Cell Cycle Laboratory, The Francis Crick Institute, 1 Midland Road, London NW1 1AT, UK.
Laboratory of Yeast Genetics and Cell Biology, Rockefeller University, 1230 York Avenue, New York, NY 10065, USA.
J Cell Sci. 2022 Jun 15;135(12). doi: 10.1242/jcs.259626. Epub 2022 Jun 21.

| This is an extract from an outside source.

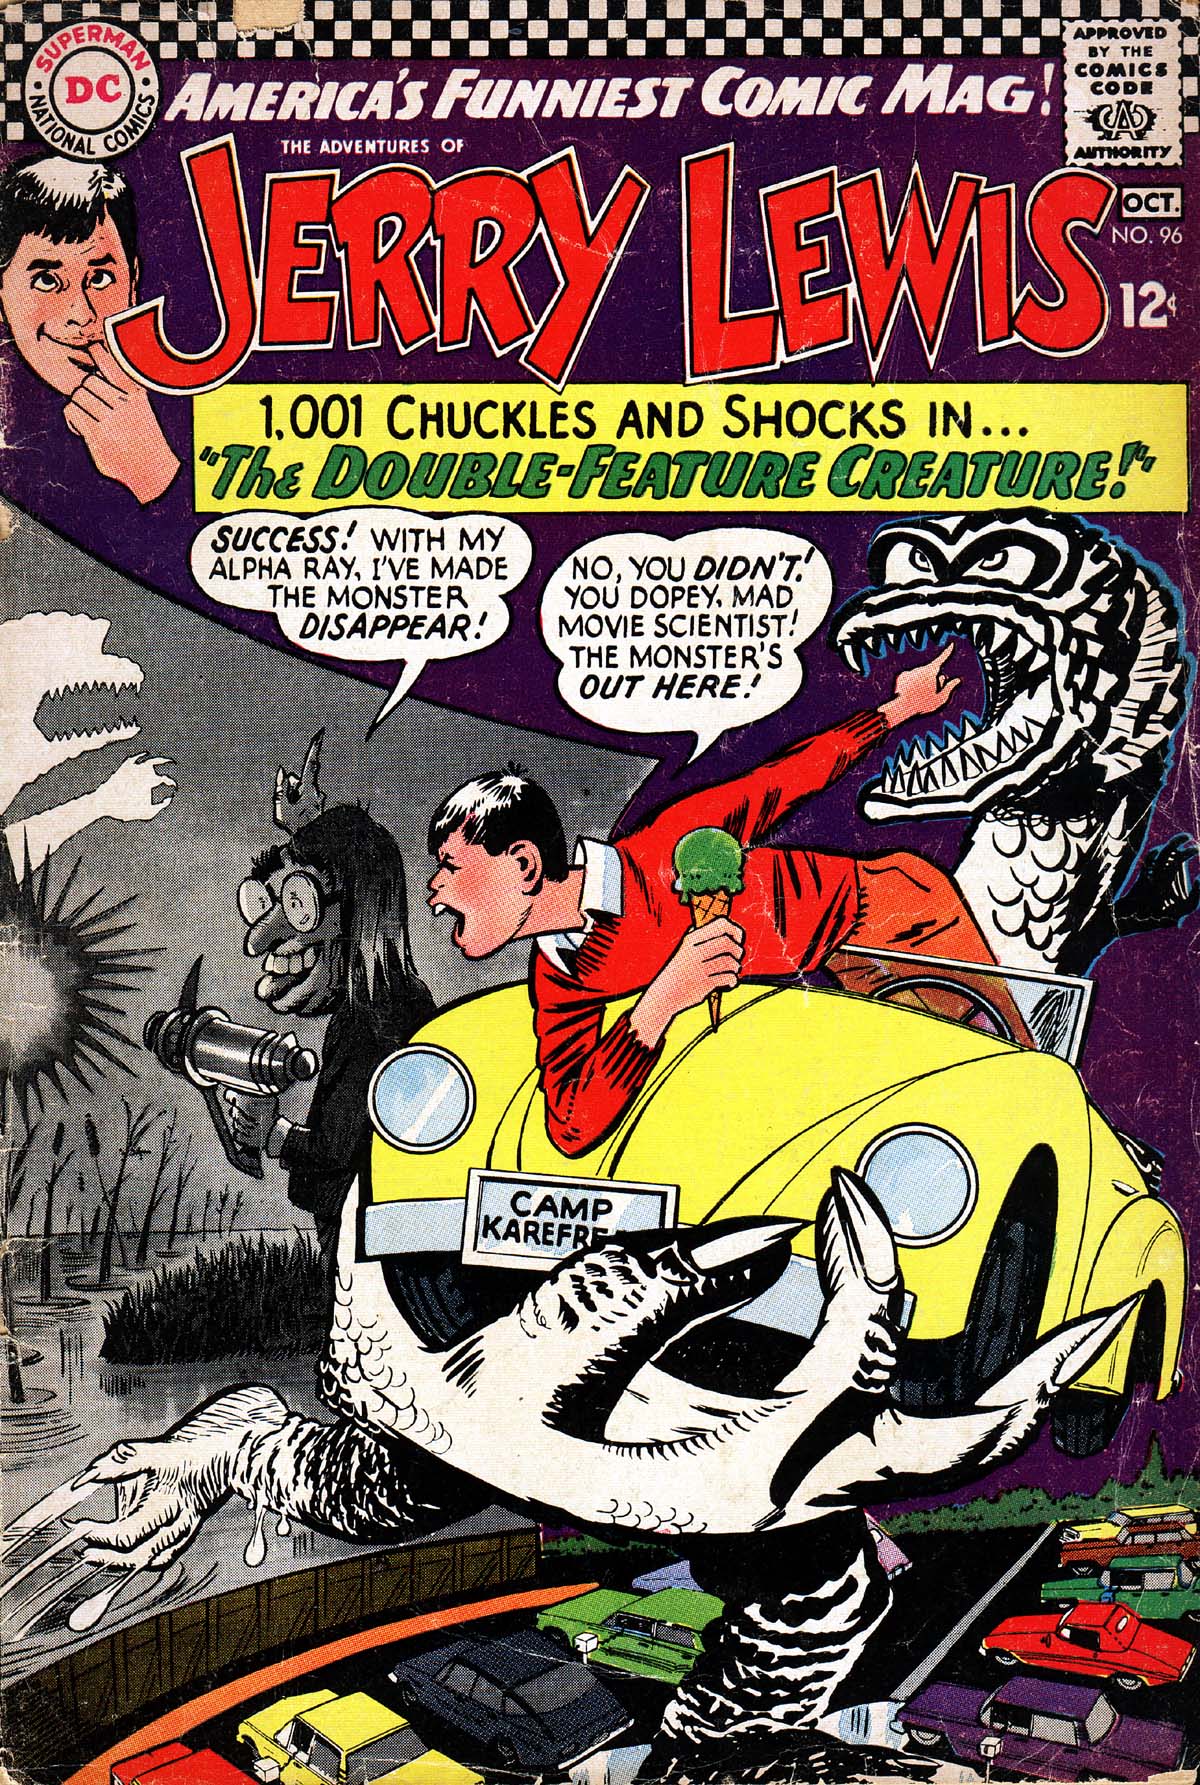 Read online The Adventures of Jerry Lewis comic -  Issue #96 - 1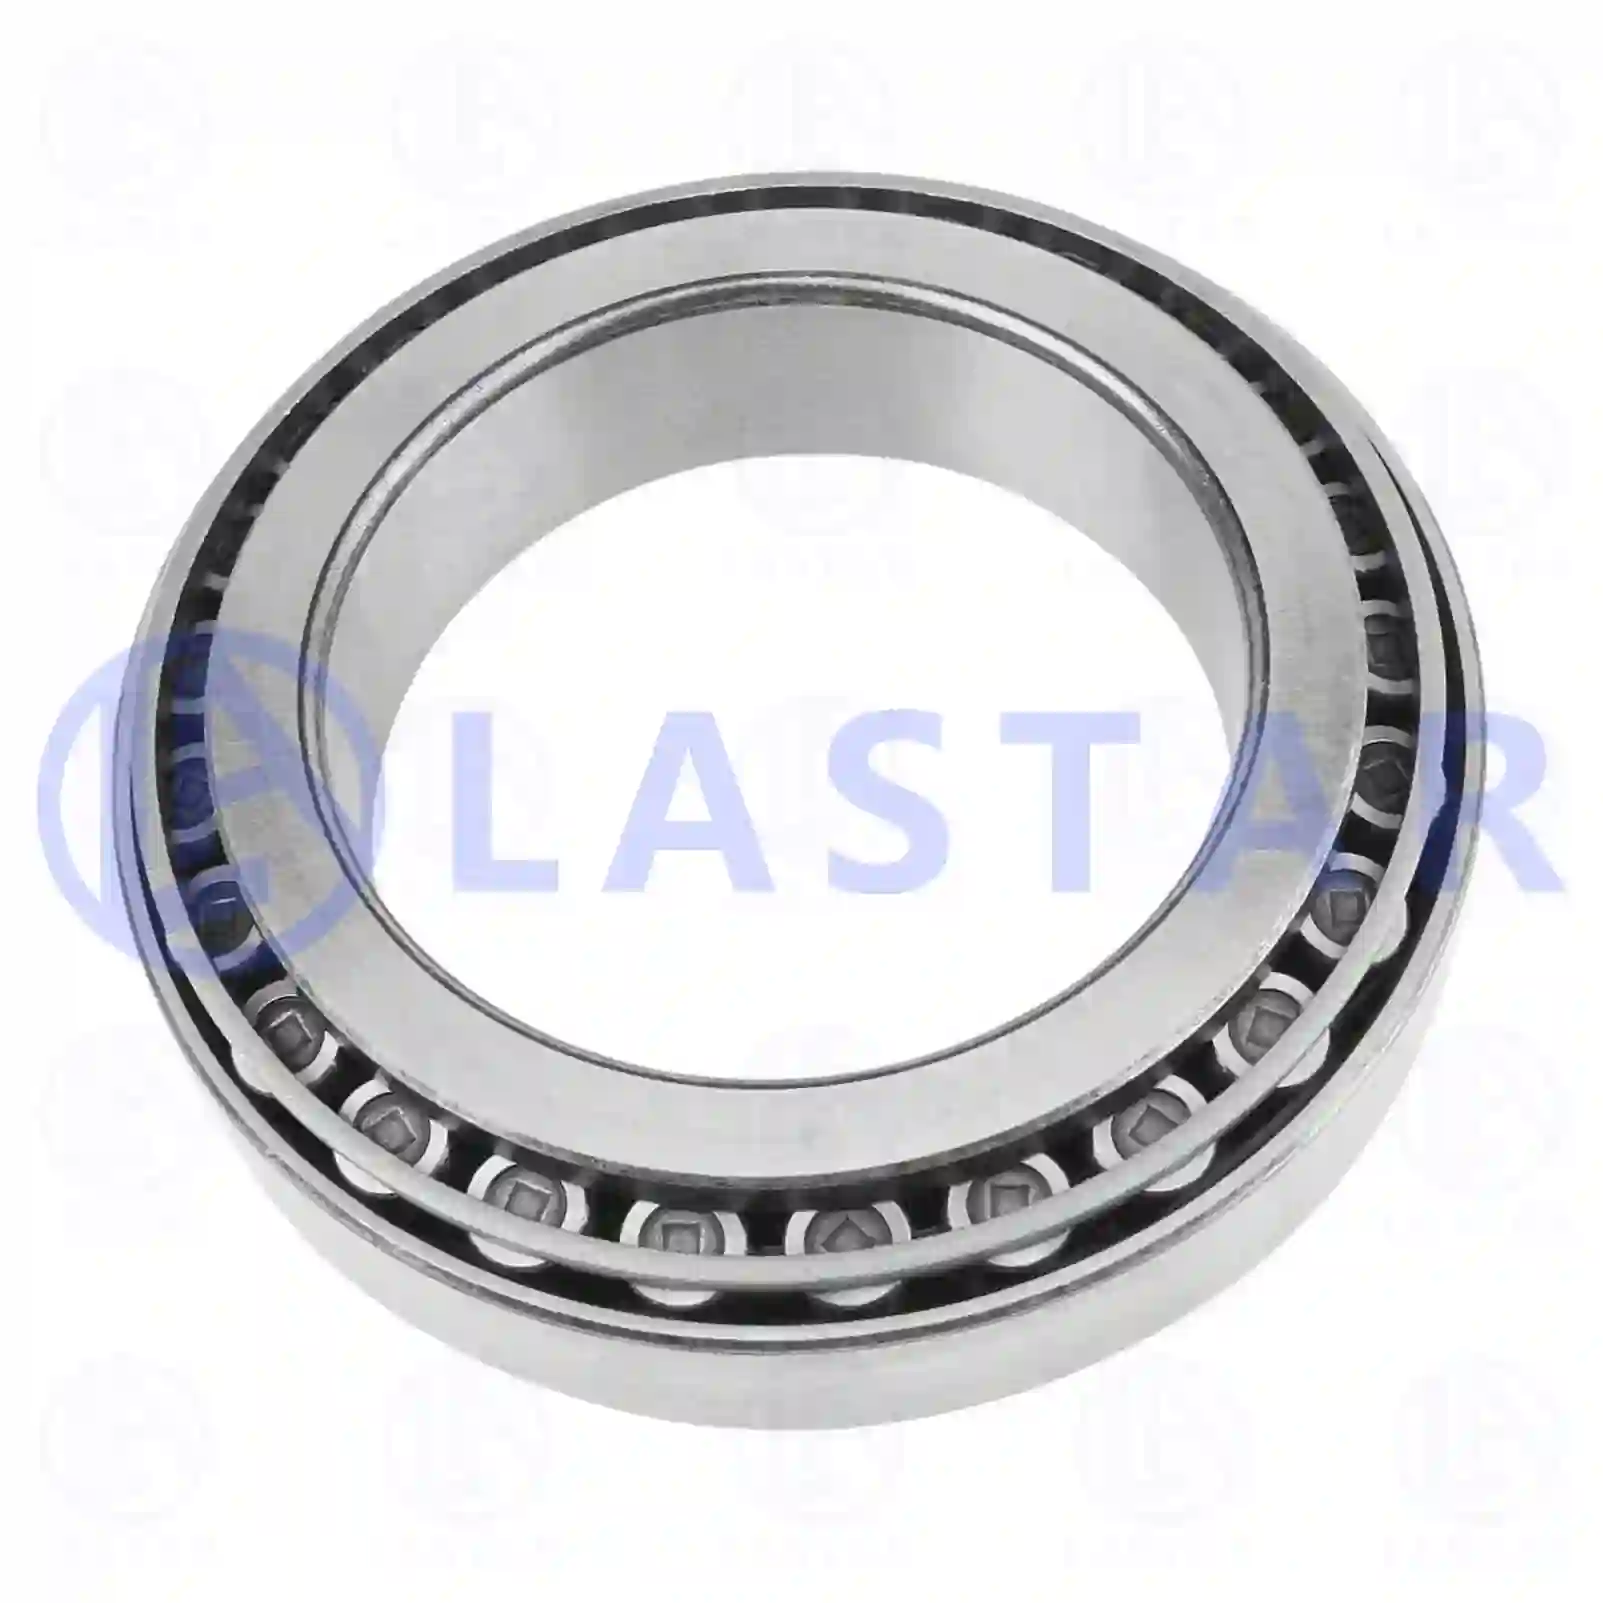 Hub Tapered roller bearing, la no: 77726358 ,  oem no:621285, 621286, 622103, 655407, AMPA012, 06324890012, 06324890064, 06324890114, 000720032019, 0019802602, 0019812602, 0029815405, 0039815105, 0039815405, 0069814705, 5000675133, 5000682662, 5010241096, 5010439224, 5010534822, 5010587011, 1408175, 1911813, 32019XQ, 324714030000, 324741030000, 20593429, 6210074, ZG02994-0008 Lastar Spare Part | Truck Spare Parts, Auotomotive Spare Parts

The eukaryotic cell cycle is driven by the activity of cyclin-dependent kinases (CDKs). CDK activity rises over 50-fold during the cell cycle, from a low level in G1 to a high level in mitosis. However, it is not known whether the entire range of CDK activity is necessary for cell cycle progression, or whether cells can tolerate a reduction in CDK activity level. Here, in fission yeast, we show that sublethal CDK inhibition lengthens the time cells spend in mitosis but does not cause misordering of mitotic events. Maximum attainable CDK activity exceeds the amount necessary for mitosis, and thus forms a CDK activity buffer between sufficient and maximal possible CDK activities. This CDK activity buffer is needed for mitotic completion when CDK activity is compromised, and CDK inhibition only becomes lethal to cells when this buffer is exhausted. Finally, we explore what factors influence this CDK activity buffer, and find that it is influenced by CDK-counteracting phosphatases. Therefore, maximum attainable CDK activity is not necessary for mitosis but provides robustness to CDK activity reduction to ensure mitotic completion.
真核细胞周期由细胞周期蛋白依赖性激酶 (CDK) 的活性驱动。在细胞周期中,CDK 活性升高了 50 多倍,从 G1 期的低水平升高到有丝分裂期的高水平。然而,目前尚不清楚整个 CDK 活性范围是否对细胞周期进程是必需的,或者细胞是否可以耐受 CDK 活性水平的降低。在这里,在裂殖酵母中,我们表明亚致死性 CDK 抑制会延长细胞在有丝分裂中花费的时间,但不会导致有丝分裂事件的混乱。最大可达的 CDK 活性超过了有丝分裂所需的量,因此在足够和最大可能的 CDK 活性之间形成了 CDK 活性缓冲。当 CDK 活性受到影响时,这个 CDK 活性缓冲对于有丝分裂的完成是必需的,只有当这个缓冲耗尽时,CDK 抑制才会对细胞产生致命影响。最后,我们探讨了哪些因素会影响这个 CDK 活性缓冲,发现它受 CDK 拮抗磷酸酶的影响。因此,最大可达的 CDK 活性对有丝分裂不是必需的,但它为 CDK 活性的降低提供了稳健性,以确保有丝分裂的完成。